EXERCISE INPUT:
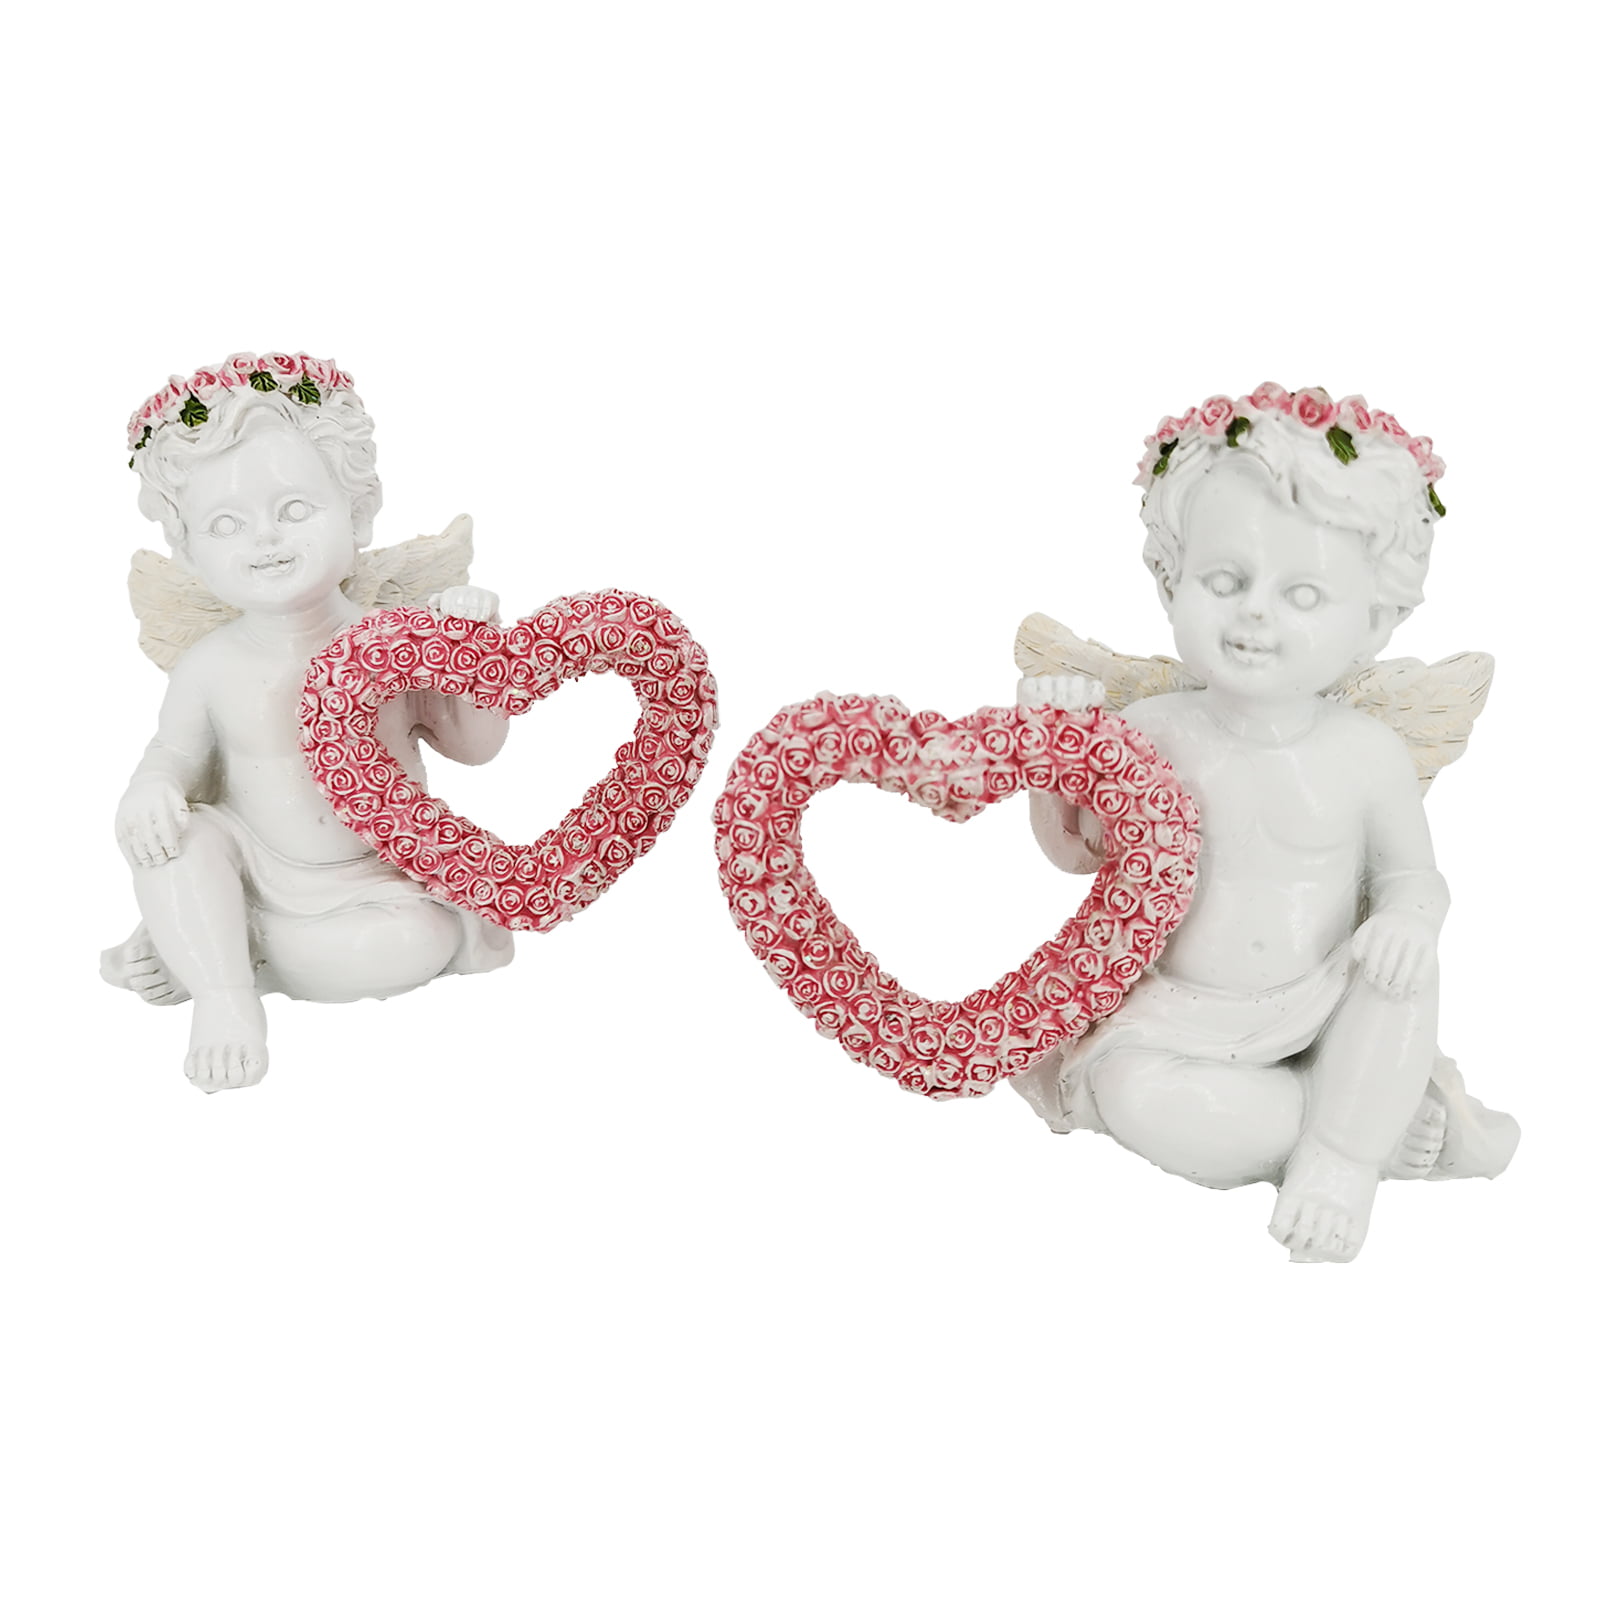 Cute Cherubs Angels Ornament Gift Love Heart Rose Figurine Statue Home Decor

* * *

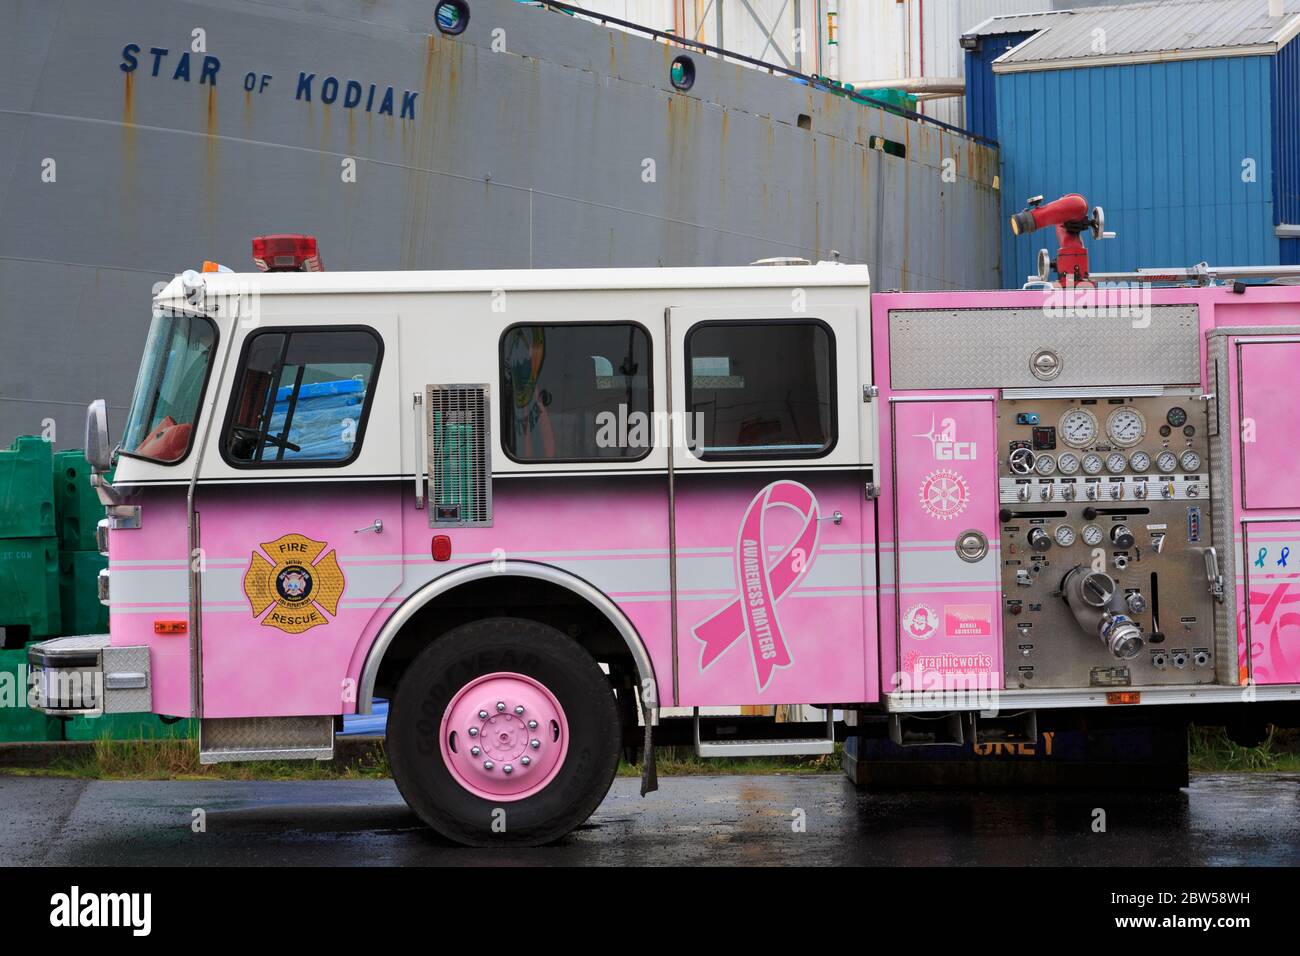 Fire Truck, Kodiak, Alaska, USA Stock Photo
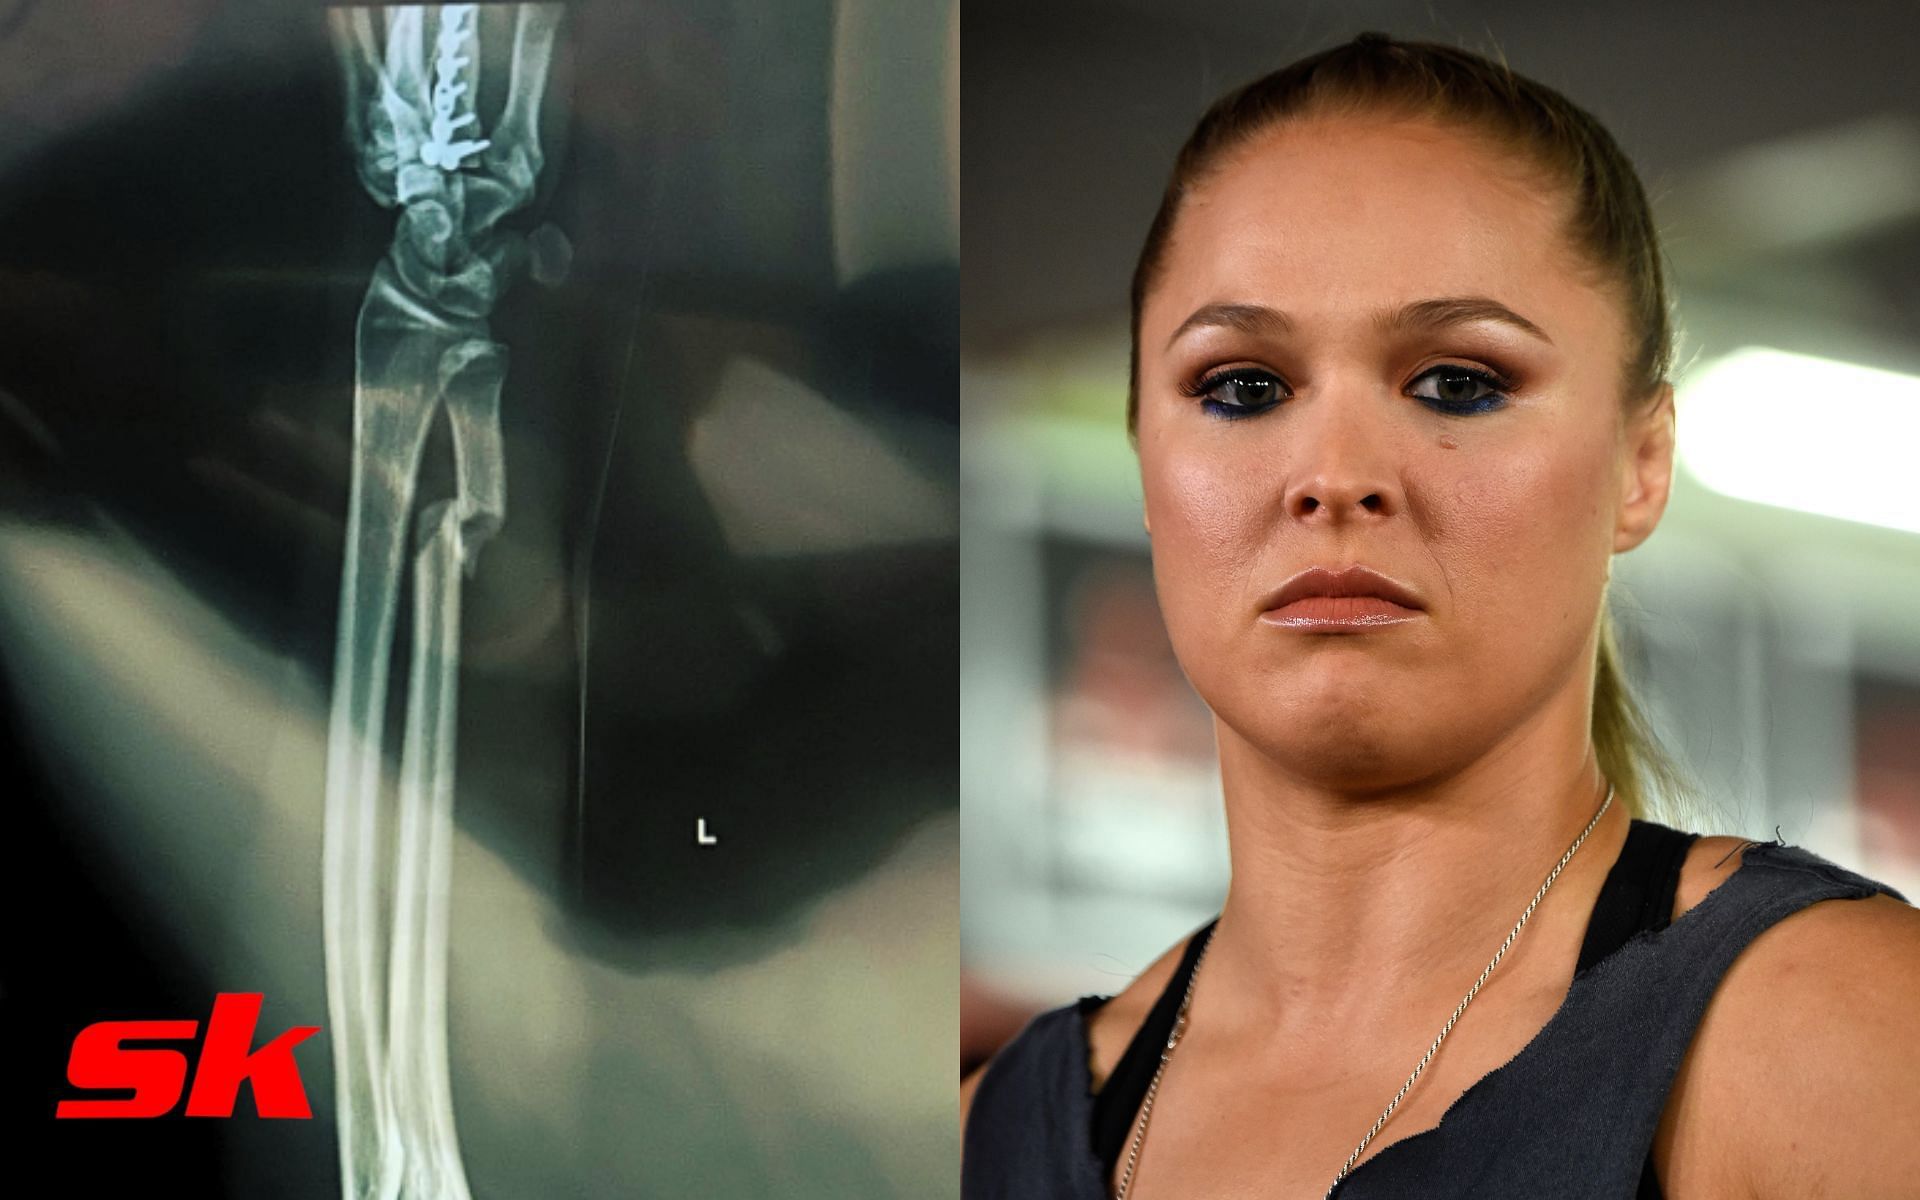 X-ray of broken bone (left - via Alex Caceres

TRY IT: In the data above, the stretch from the line with "Fire Truck, Kodiak, Alaska, USA Stock Photo" through the line with "X-ray of broken" is to be returned exactly, minus any pictures.

REPLY:
 Fire Truck, Kodiak, Alaska, USA Stock Photo
 X-ray of broken bone (left - via Alex Caceres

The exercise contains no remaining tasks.